◆ **Input material**
▼▼▼

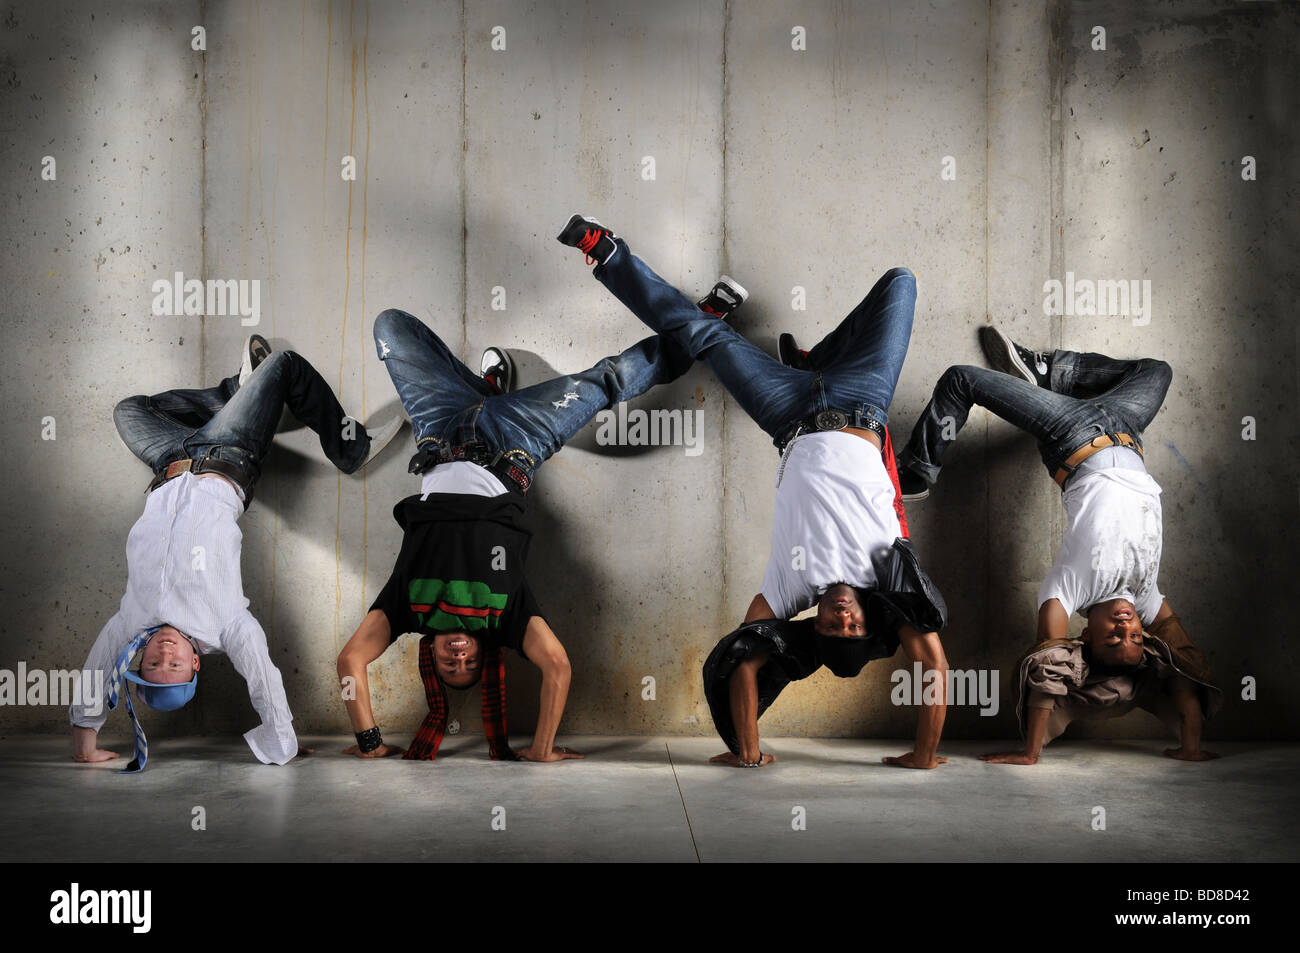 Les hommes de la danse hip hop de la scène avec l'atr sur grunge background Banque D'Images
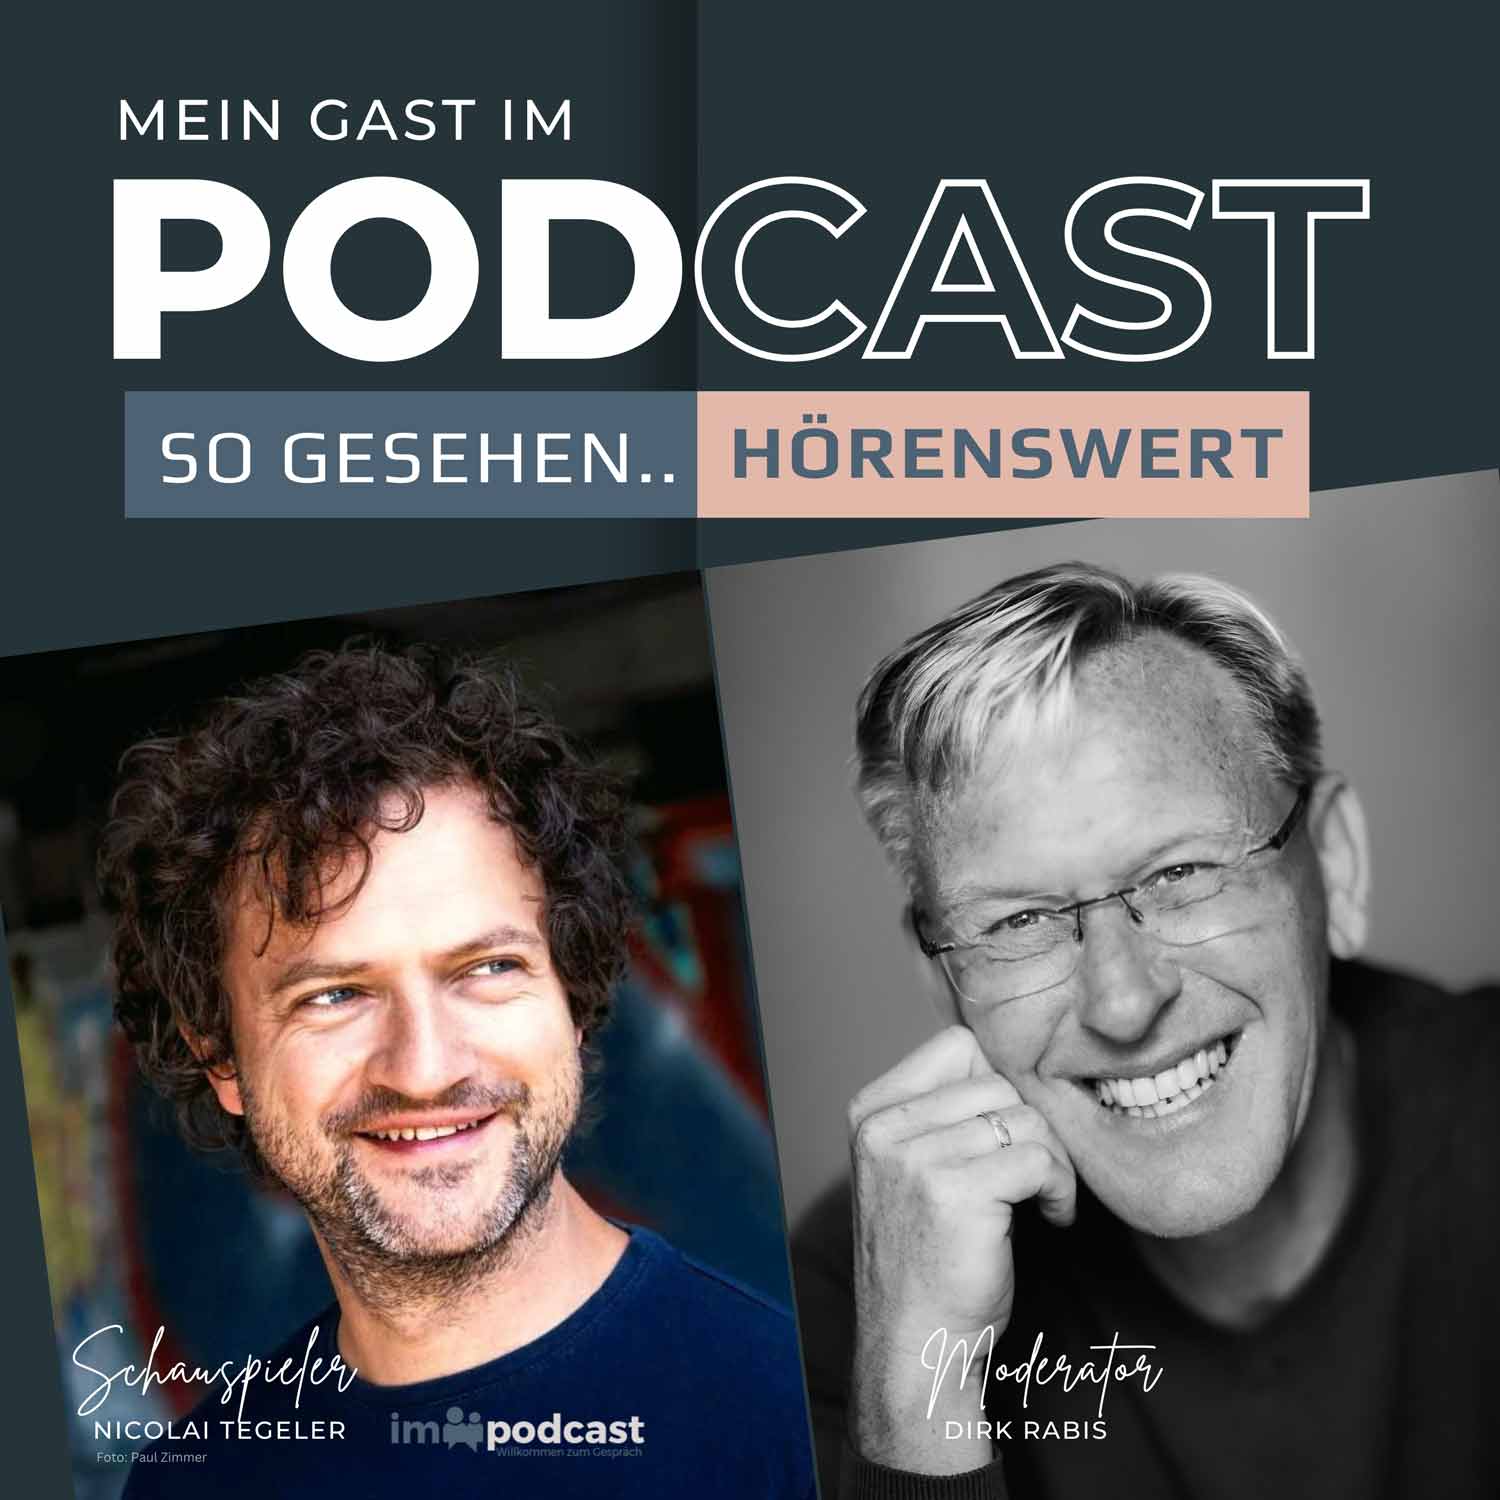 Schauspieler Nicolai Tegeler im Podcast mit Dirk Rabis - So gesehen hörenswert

▲▲▲
▼▼▼

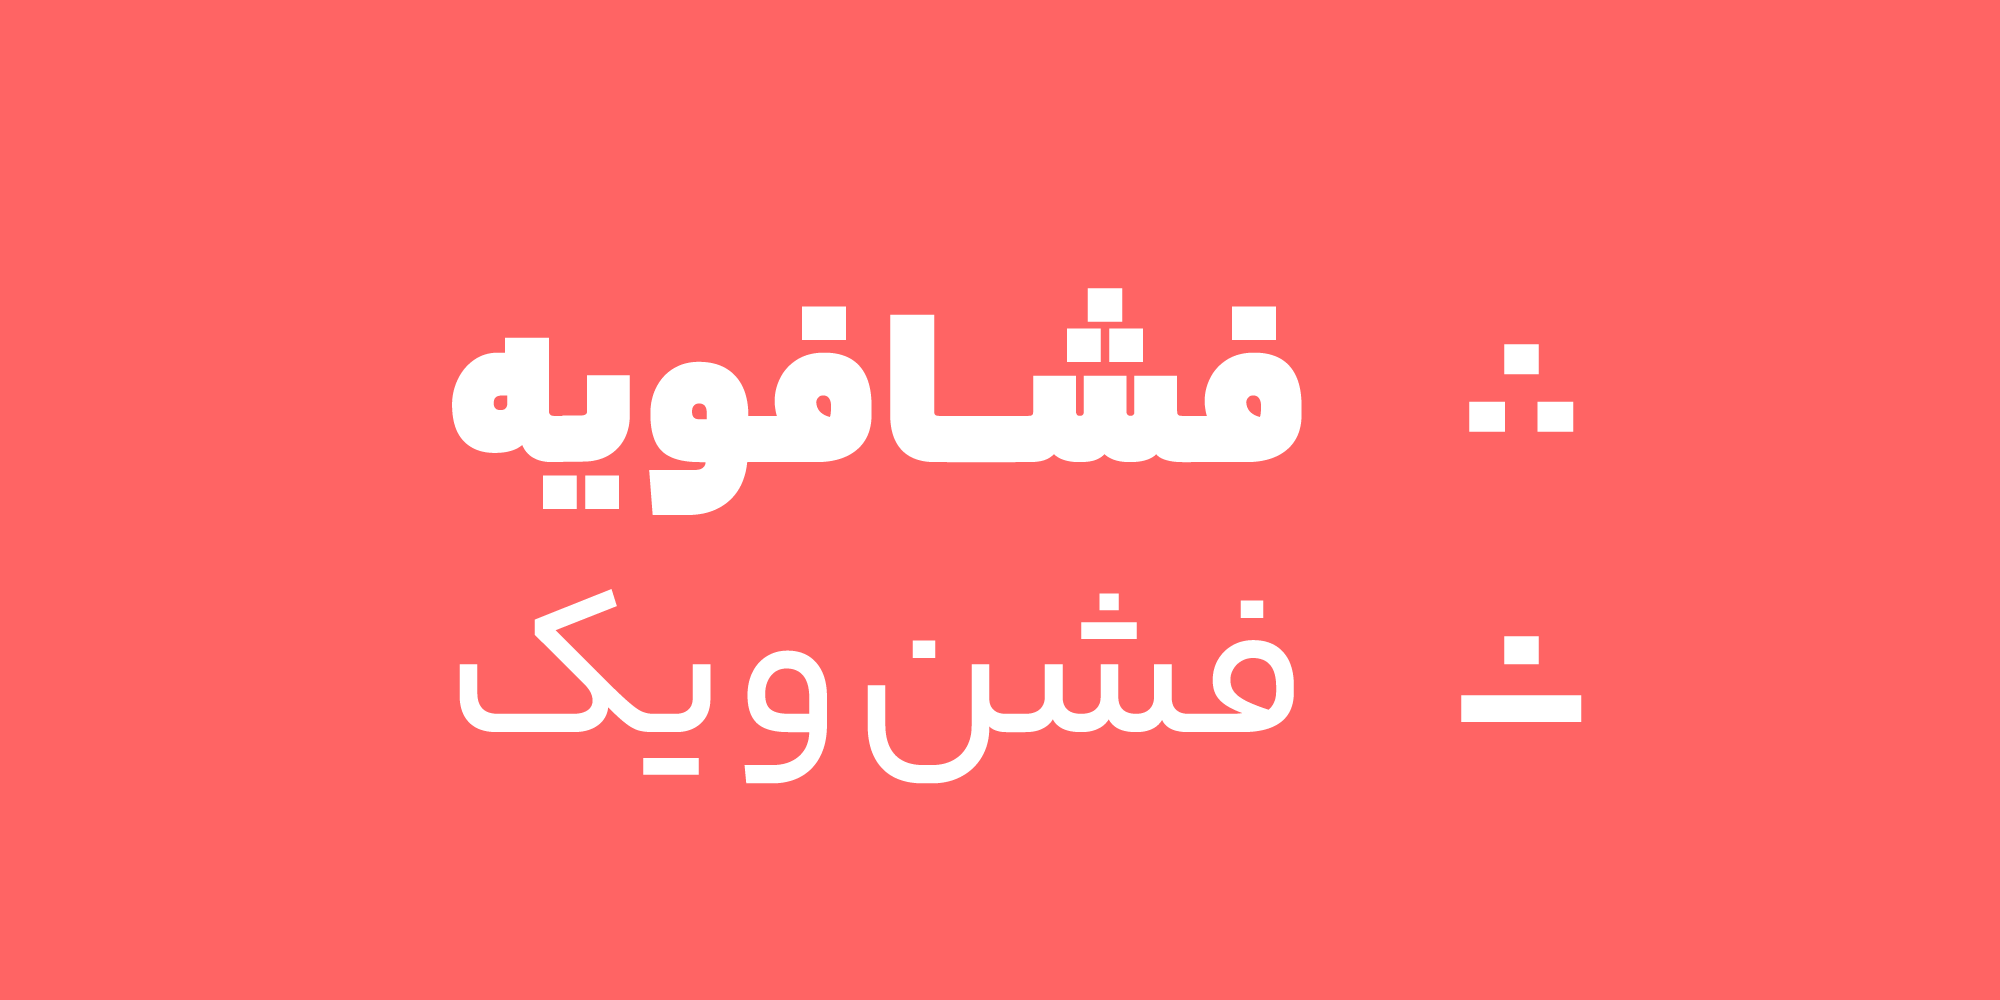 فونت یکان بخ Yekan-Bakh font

▲▲▲
▼▼▼

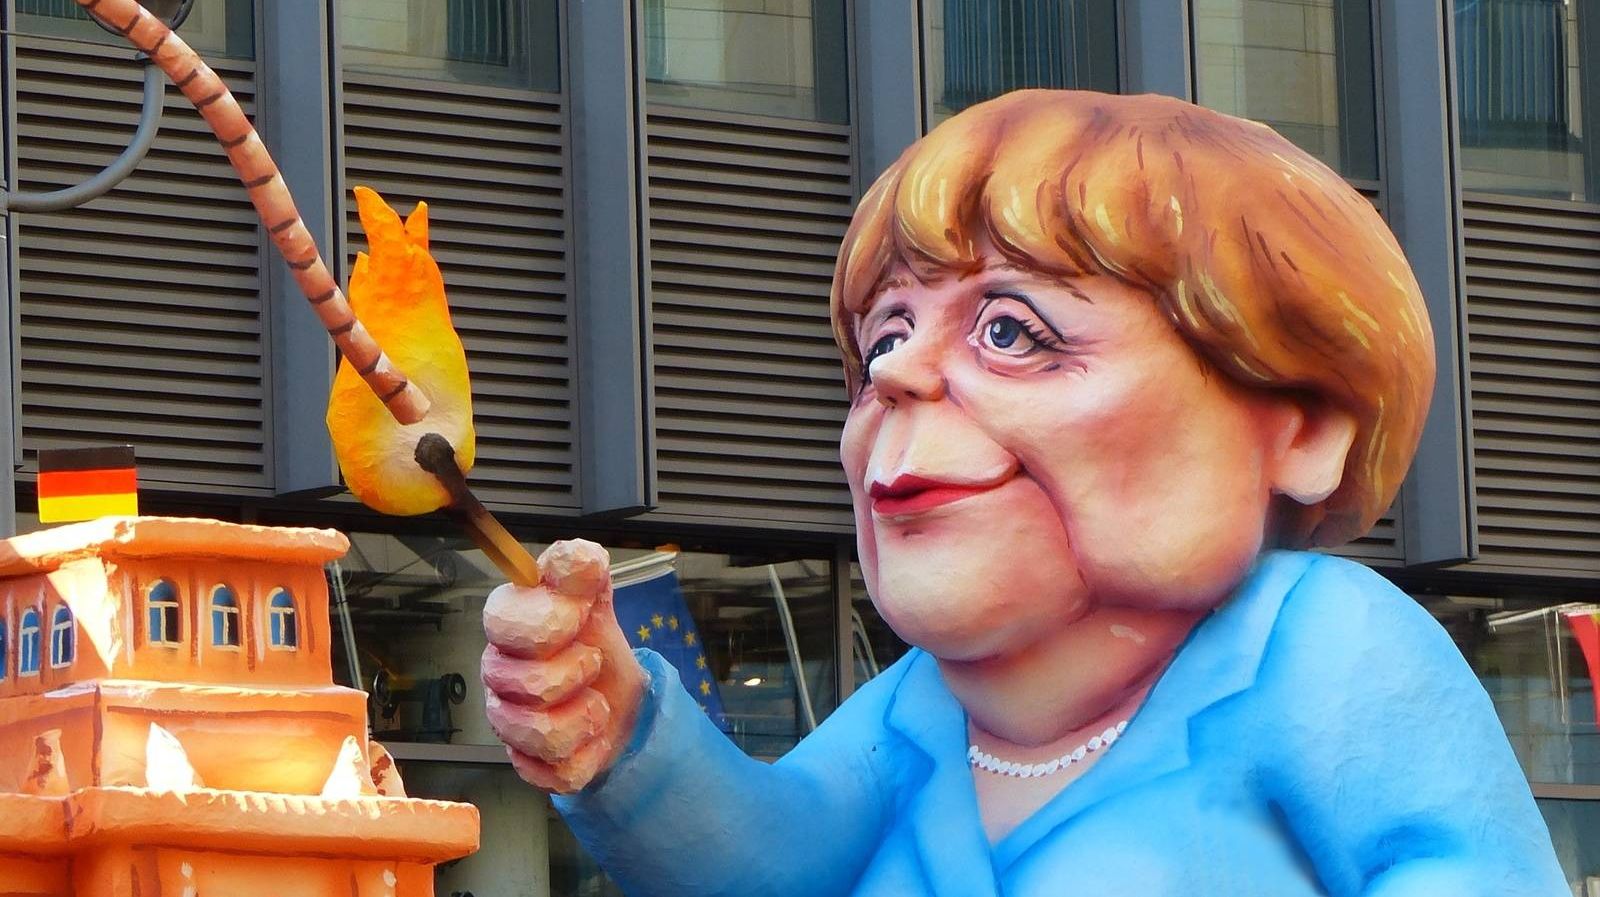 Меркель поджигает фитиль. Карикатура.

▲▲▲

◆ **Problem requirements**
In the listing above, find the line containing "Les hommes de" and the line containing "Schauspieler Nicolai Tegeler". Print those two lines and every line between them exactly, with no pictures.

◆ **Solution to the problem**
 Les hommes de la danse hip hop de la scène avec l'atr sur grunge background Banque D'Images
 Schauspieler Nicolai Tegeler im Podcast mit Dirk Rabis - So gesehen hörenswert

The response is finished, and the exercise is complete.